This looks strange to me. Firstly, you’re making an HTTP request here, not HTTPS (you should prefix the address with https:// to make sure it does), and the Server header doesn’t report Caddy. So I don’t think you’re actually reaching Caddy here.

Are you sure your port forwarding is sending the request to the right machine? From the contents in the response, I see clink_login which from a quick google makes me think this is a response from Century Link, your ISP or your router. Something’s strange here.

This means Caddy tried to start issuance earlier, but wasn’t able to solve it, and now it can’t find the challenge data in storage. So the storage got in a bad state somehow. Not sure why.

Ports 80, 443 are definitely fowarded to my pc. I am behind a century link router. No telling what shenanigans go on there.

Is there something I should to do fix this? I can easily delete and recreate the caddy container now if that would fix it?
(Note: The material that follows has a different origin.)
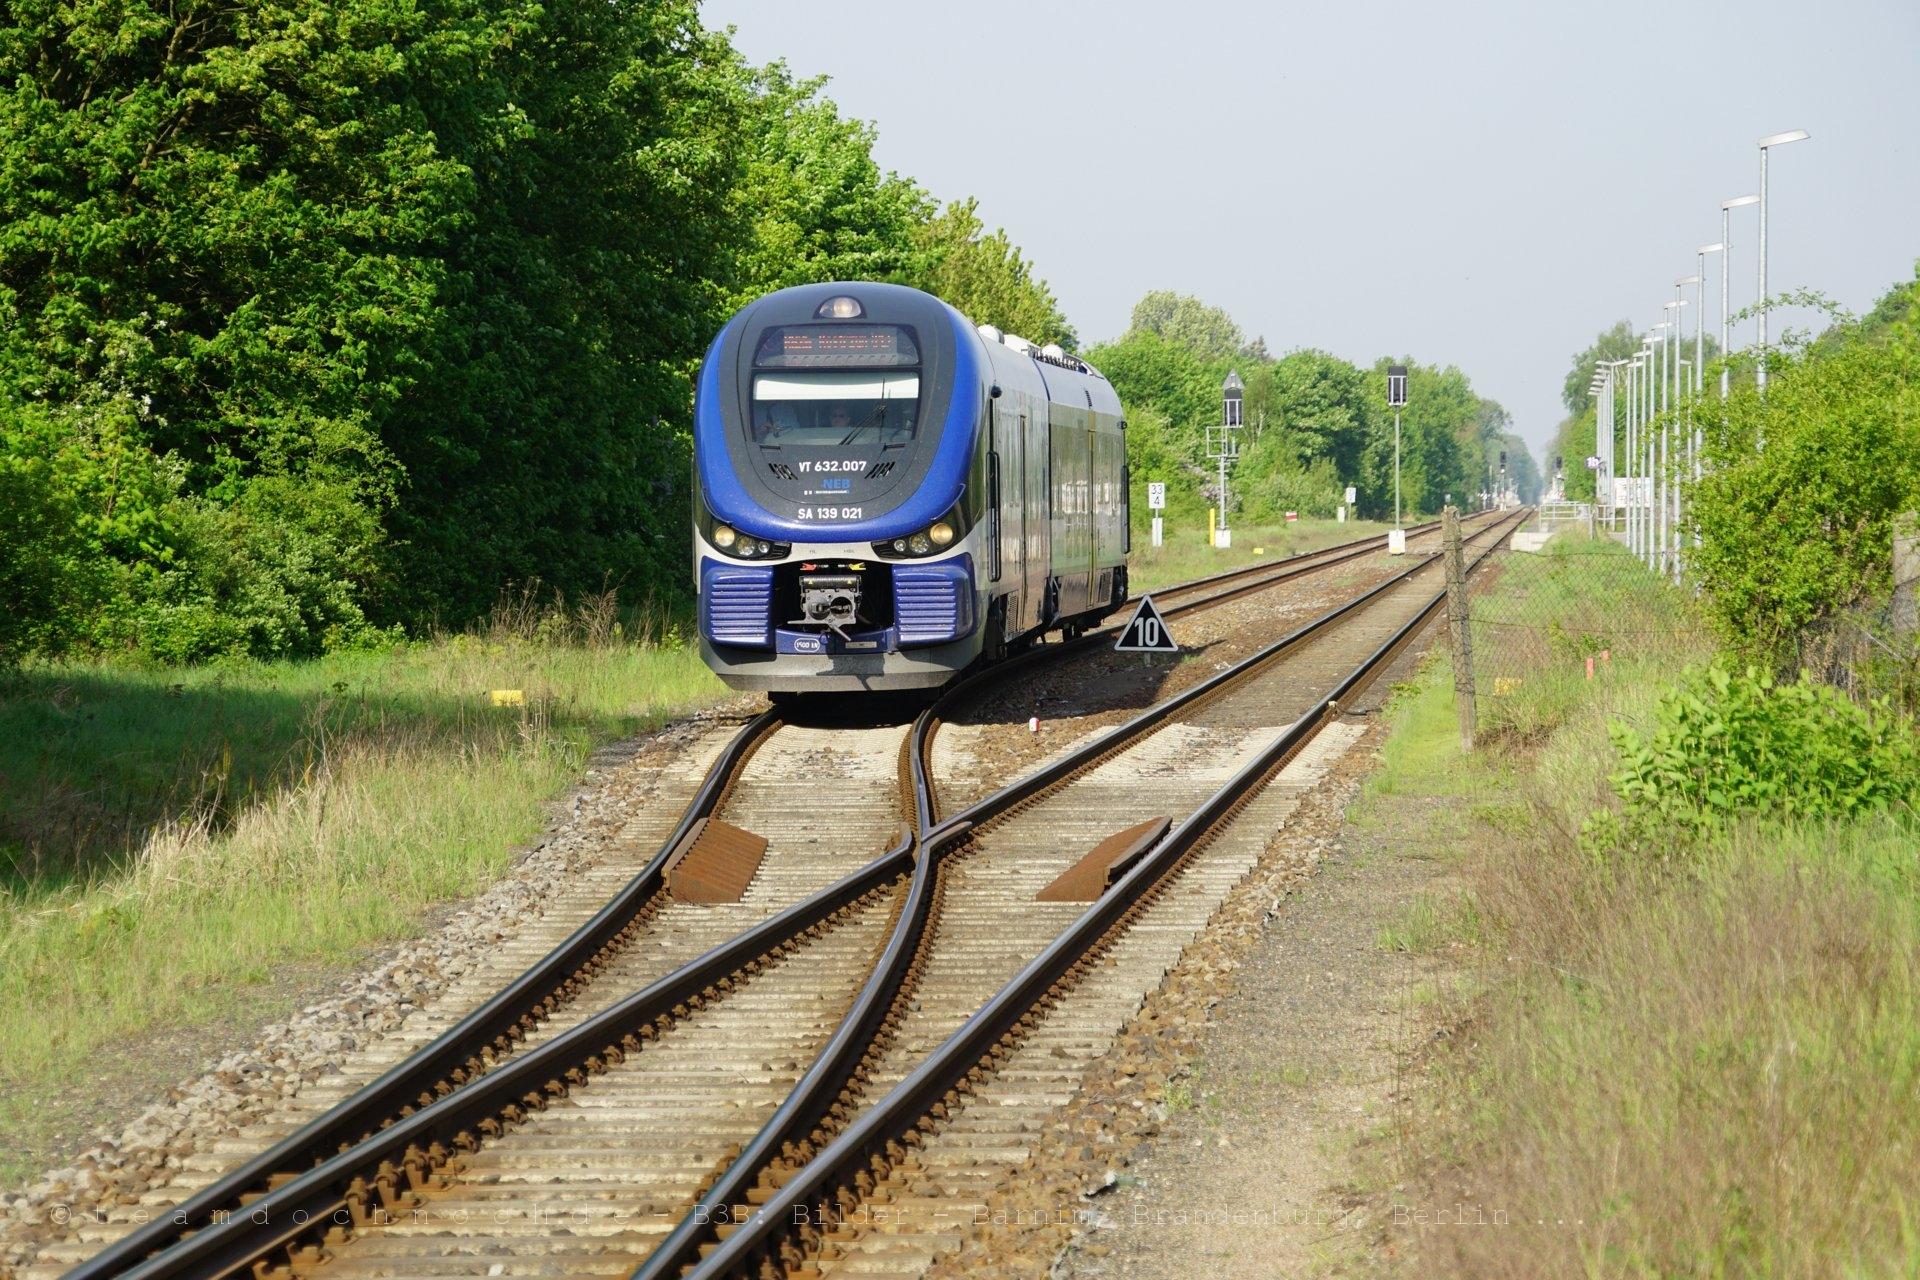 VT 632.007 / SA139 021 der NEB in Rehfelde an der Ostbahn
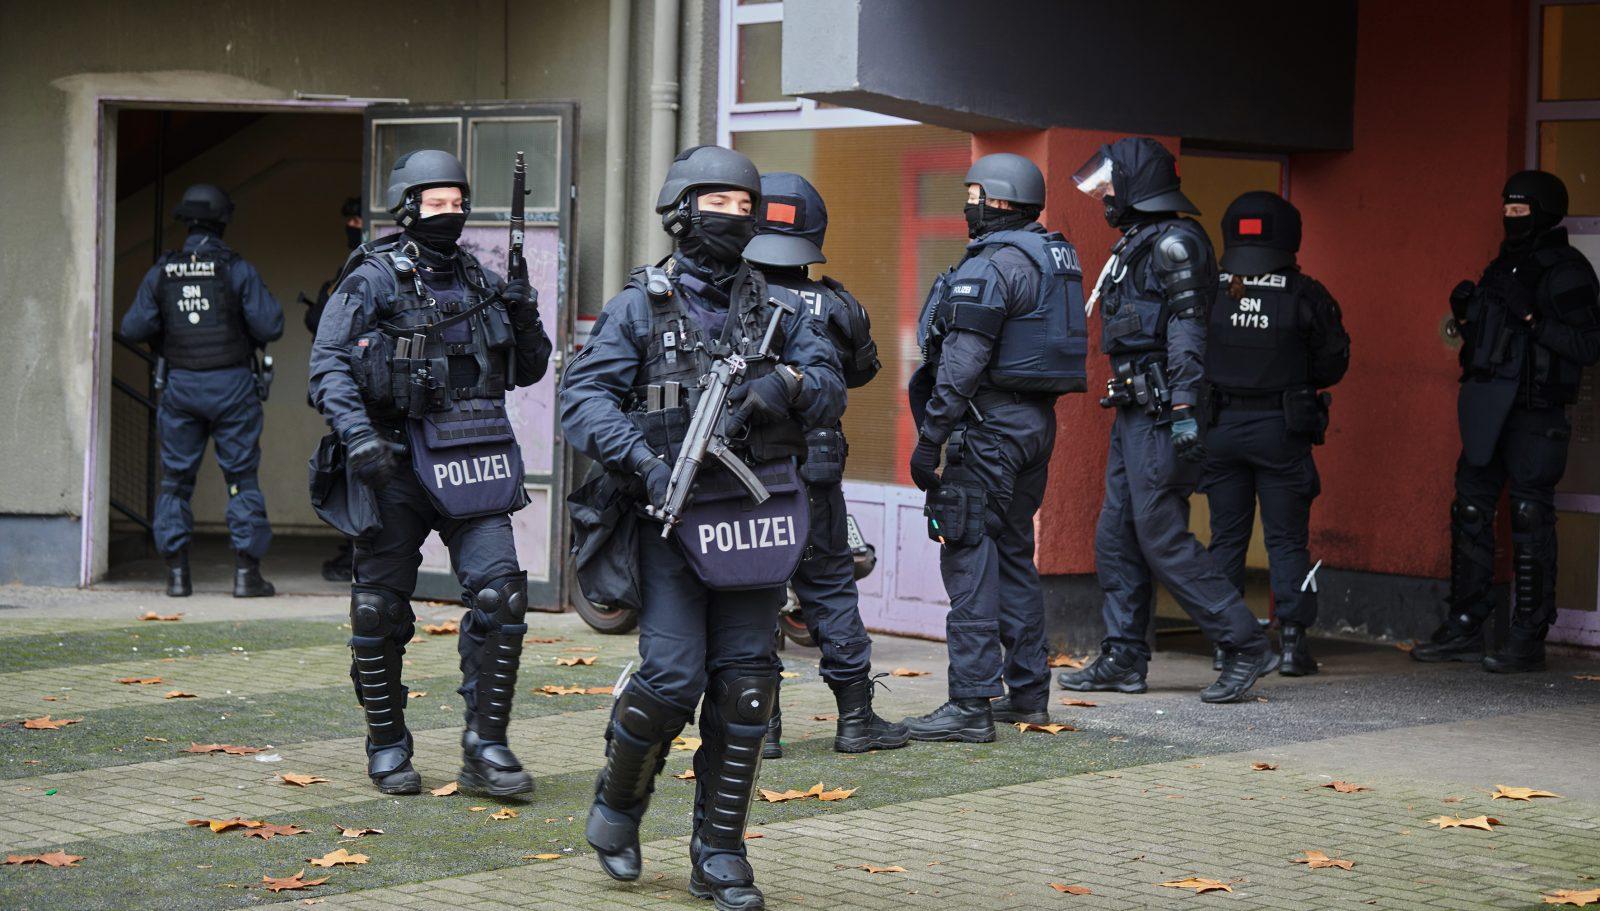 Polizisten bei einer Clan-Razzia im November wegen des Kunstraubs im Grünen Gewölbe in Dresden

PS C:\Caddy> curl -v https://komga.troilus98.com
* Rebuilt URL to: https://komga.troilus98.com/
*   Trying 67.4.148.230...
* TCP_NODELAY set
* Connected to komga.troilus98.com (67.4.148.230) port 443 (#0)
* schannel: SSL/TLS connection with komga.troilus98.com port 443 (step 1/3)
* schannel: checking server certificate revocation
* schannel: sending initial handshake data: sending 190 bytes...
* schannel: sent initial handshake data: sent 190 bytes
* schannel: SSL/TLS connection with komga.troilus98.com port 443 (step 2/3)
* schannel: failed to receive handshake, need more data
* schannel: SSL/TLS connection with komga.troilus98.com port 443 (step 2/3)
* schannel: encrypted data got 1343
* schannel: encrypted data buffer: offset 1343 length 4096
* schannel: next InitializeSecurityContext failed: SEC_E_UNTRUSTED_ROOT (0x80090325) - The certificate chain was issued by an authority that is not trusted.
* Closing connection 0
* schannel: shutting down SSL/TLS connection with komga.troilus98.com port 443
* schannel: clear security context handle
curl: (77) schannel: next InitializeSecurityContext failed: SEC_E_UNTRUSTED_ROOT (0x80090325) - The certificate chain was issued by an authority that is not trusted.

Your router might still be hijacking those ports to show its own web UI though. You’ll need to dig into that.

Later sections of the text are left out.